3. Coating and Plating Technology: Combining Functional Protection and Decoration
Coating technology creates a protective coating on the surface by depositing something physically or chemically. The main steps in this process are:
PVD stands for Physical Vapor Deposition.
Using high-energy ion bombardment to put hard coatings like TiN and CrN on the surface of the substrate. This process can significantly improve the wear resistance of mold steel (extending its lifespan by 3-5 times), and the coating thickness is only 1-5 μ m, without affecting the dimensional accuracy of the parts. For instance, one company used PVD to process 3D printed molds and raised the stamping frequency from 100,000 to 500,000 times.
Electroplating and Chemical Plating
Electroplating uses electrolytic reactions to deposit metal layers (like Ni and Cu) on a surface, which makes it less likely to corrode and more conductive. Chemical plating, on the other hand, uses self-catalytic reactions to make the surface even (like chemical nickel phosphorous alloy plating). For instance, one company employs electroless nickel plating to 3D print copper alloy heat sinks. This makes them resistant to salt spray for 1,000 hours instead of 48 hours, while still having a thermal conductivity of 200 W/(m · K) or more.
Spraying and covering with powder
Spray coating uses high-pressure airflow to stick powder or liquid coating to the surface, creating a protective layer that is 20–100 μm thick. Powder spraying, on the other hand, uses electrostatic adsorption to evenly distribute powder, which forms a thick coating when it cools down. This method works for outdoor tools, industrial machines, and other situations. For instance, one company utilizes powder coating to treat 3D-printed steel structural elements, which makes them resistant to neutral salt spray for more than 2000 hours.

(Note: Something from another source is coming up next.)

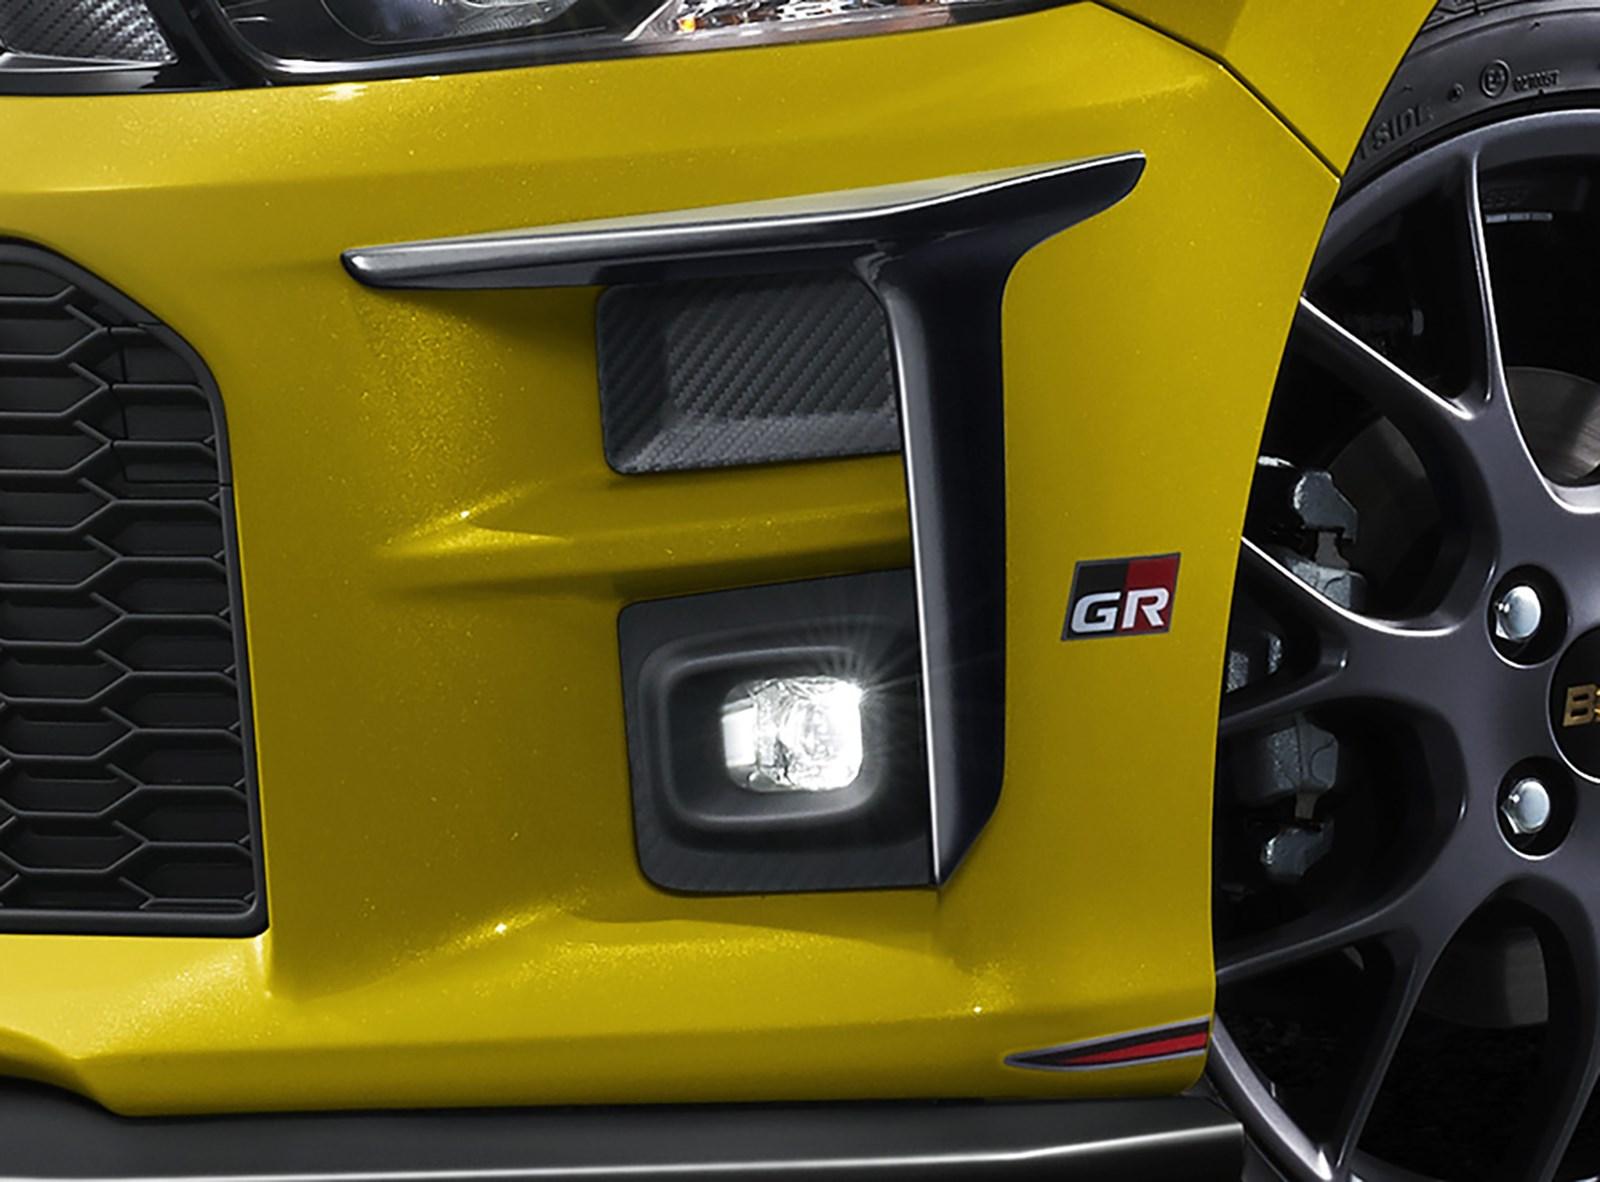 GRシリーズ初の軽オープンスポーツ「コペン GR SPORT」用GRパーツが発売

4. New Technologies: Laser and Composite Processes Lead Innovation: Laser Polishing
Using high-energy laser beams to melt surface materials in a small area and then flow the molten pool to level the surface. This method can work on curved surfaces that are hard to reach and has a small heat impacted zone (≤ 0.1mm). For example, a certain enterprise uses laser polishing to 3D print nickel based high-temperature alloys, reducing the surface roughness from Ra 8 μ m to Ra 2 μ m while maintaining the material's mechanical properties unchanged.

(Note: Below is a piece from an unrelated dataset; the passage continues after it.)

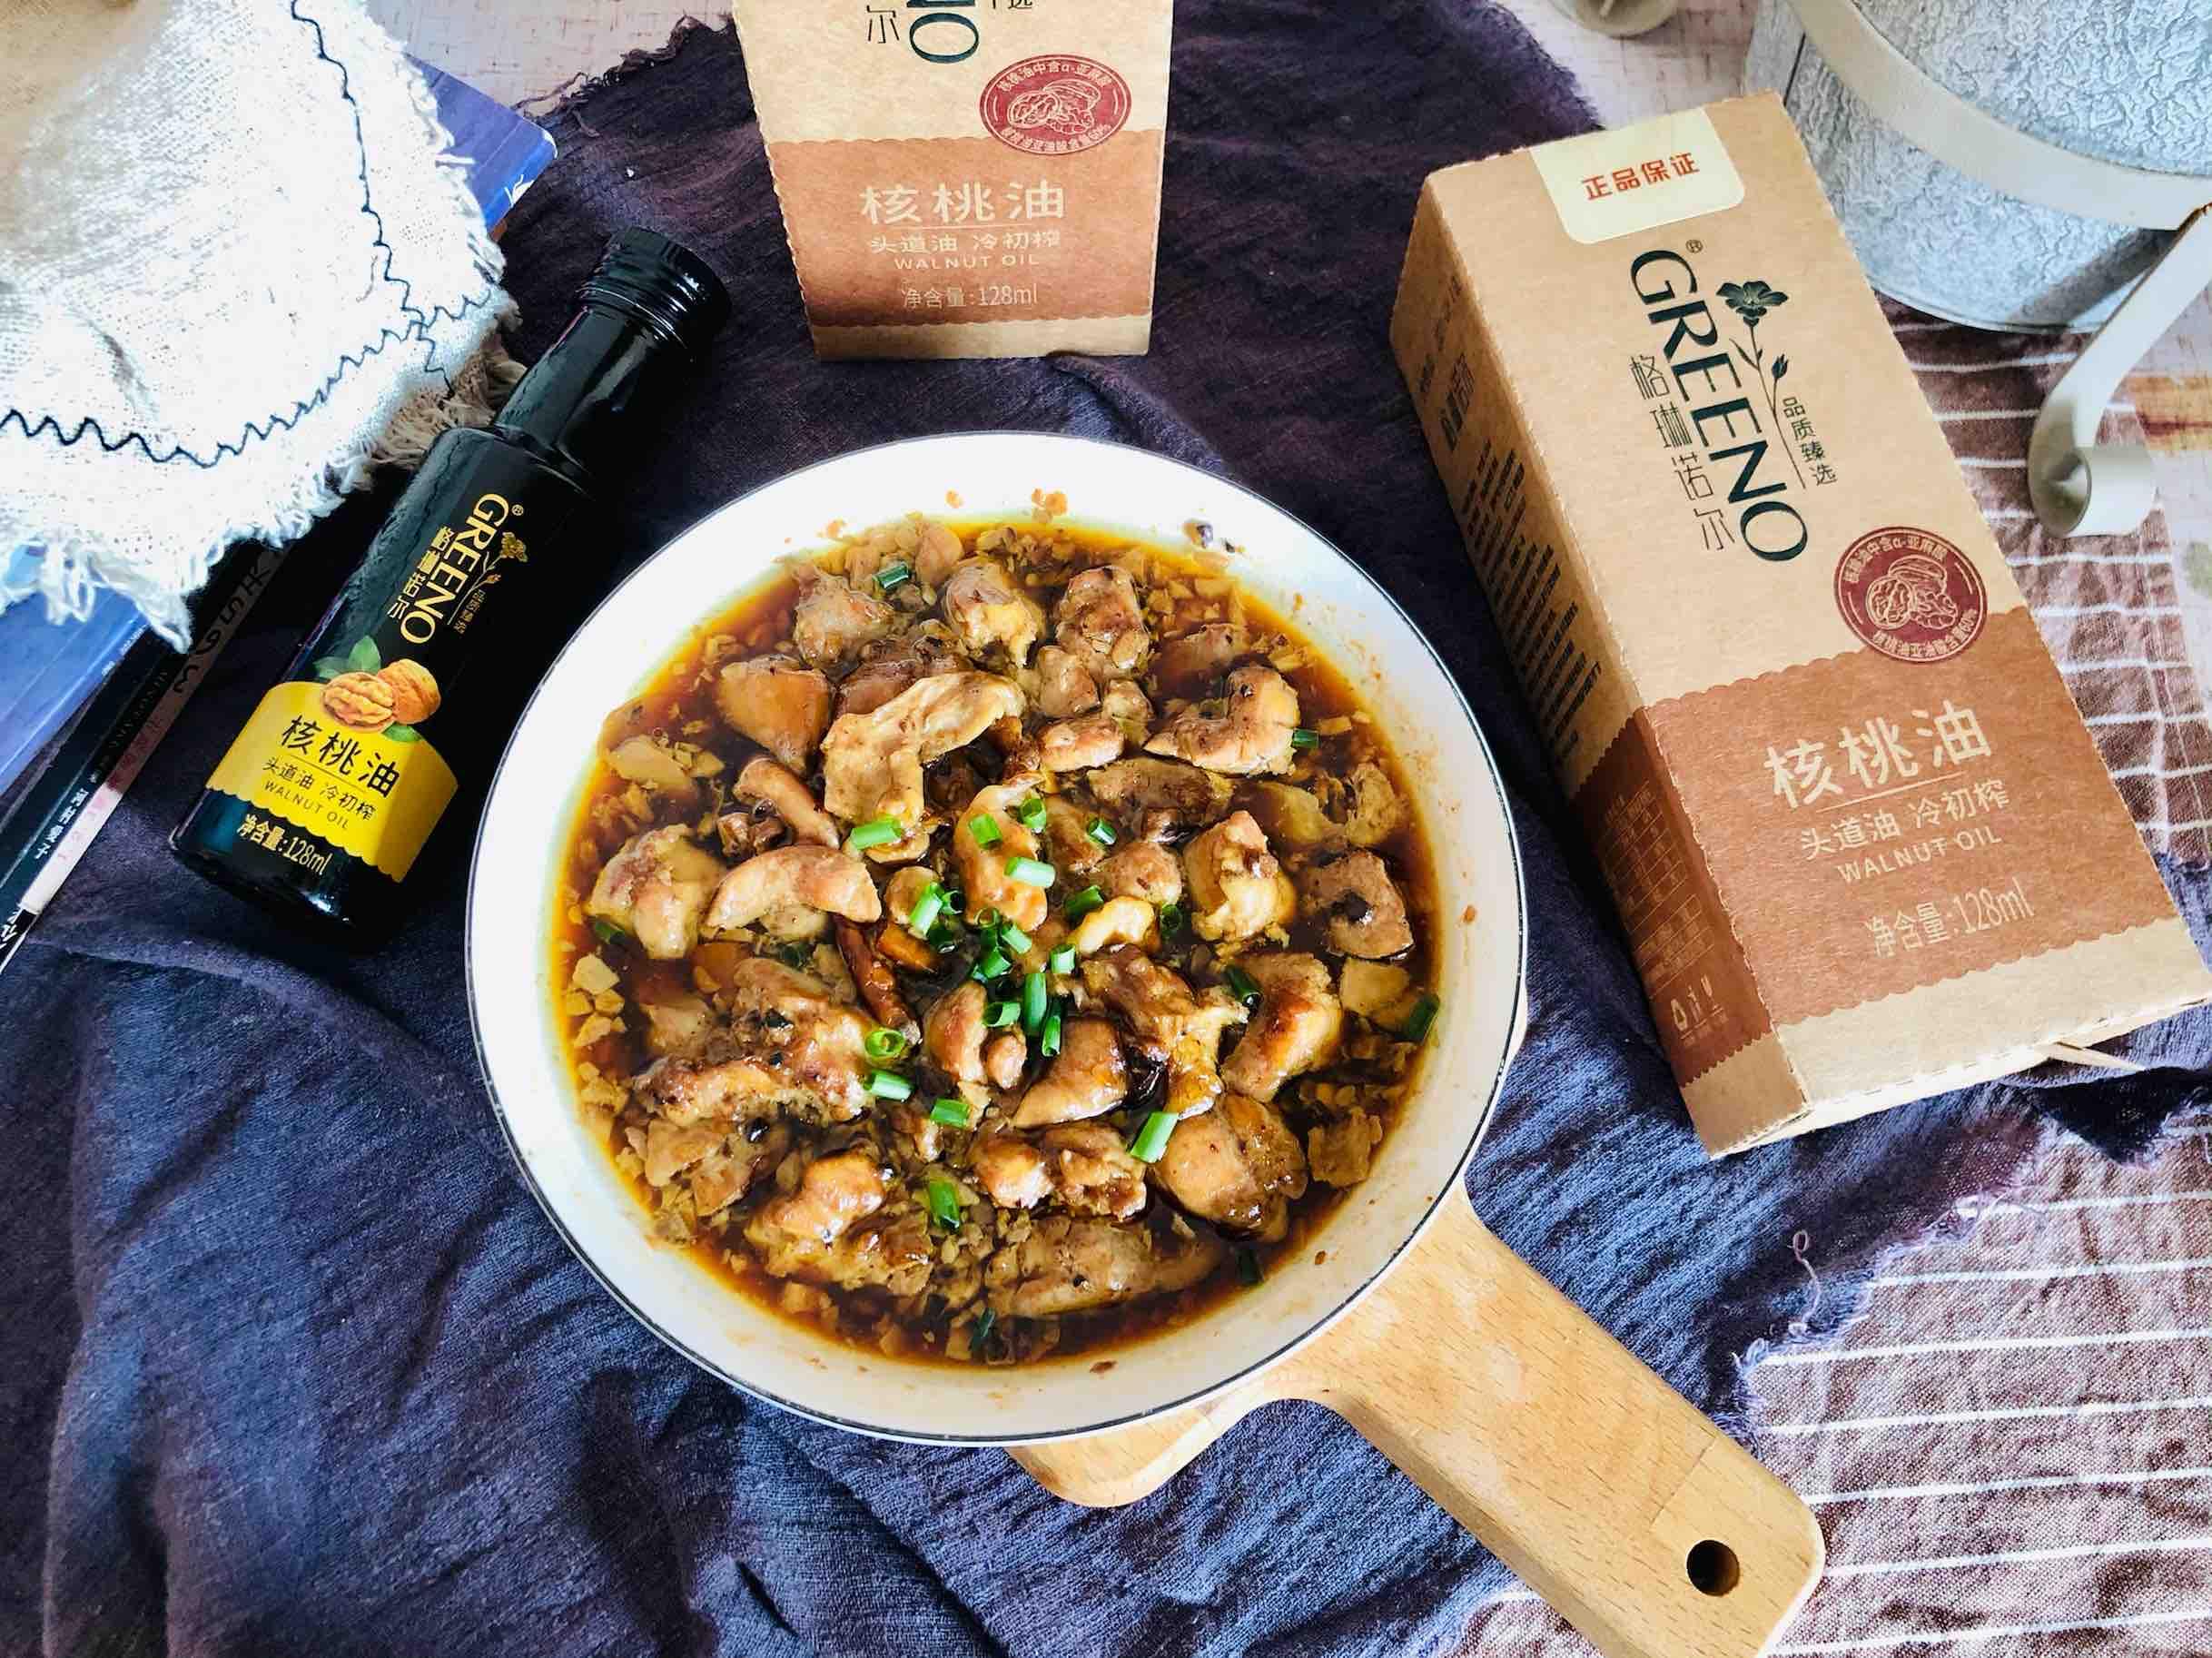 炒菜吃腻了,那就来道豆豉蒸滑鸡吧,简单快手营养不流失成品图

Abrasive Flow Machining (AFM)
To polish complex features like cross holes and internal flow channels, viscoelastic abrasive material is flowed through the component's inner chamber. This procedure can work in places that are hard to get to. For example, one company utilizes AFM to process 3D-printed aviation fuel nozzles, which makes the inner surface less rough (from Ra 16 μ m to Ra 1.6 μ m) and improves flow uniformity by 20%.

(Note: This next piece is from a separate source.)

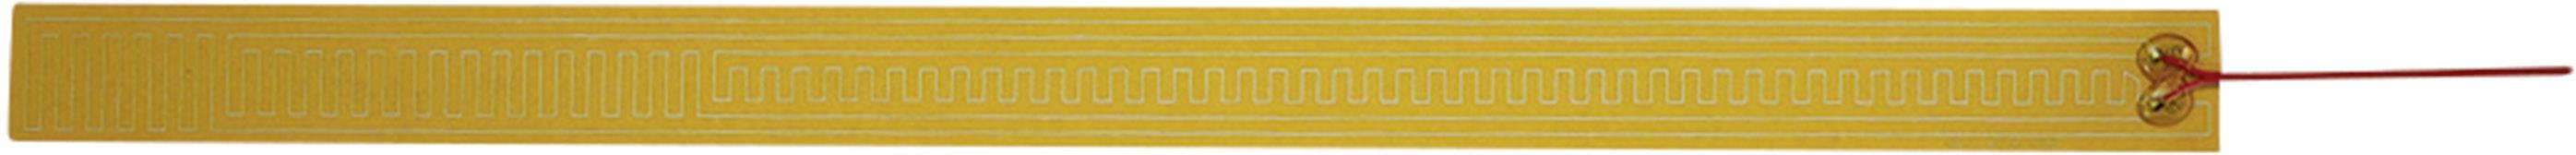 Tepelná fólie samolepicí Thermo 24 V/DC, 24 V/AC, 30 W, krytí IPX4, (d x š) 705 mm x 47 mm

Integration of composite processes
Using more than one processing method to work together to boost performance. For example, a certain enterprise adopts a combination process of "chemical polishing+anodizing+PVD coating" for 3D printing titanium alloy implants, which reduces the surface roughness to Ra 0.05 μ m, improves corrosion resistance by 5 times, and the bonding strength between the coating and the substrate reaches 40MPa, meeting the long-term service requirements of orthopedic implants.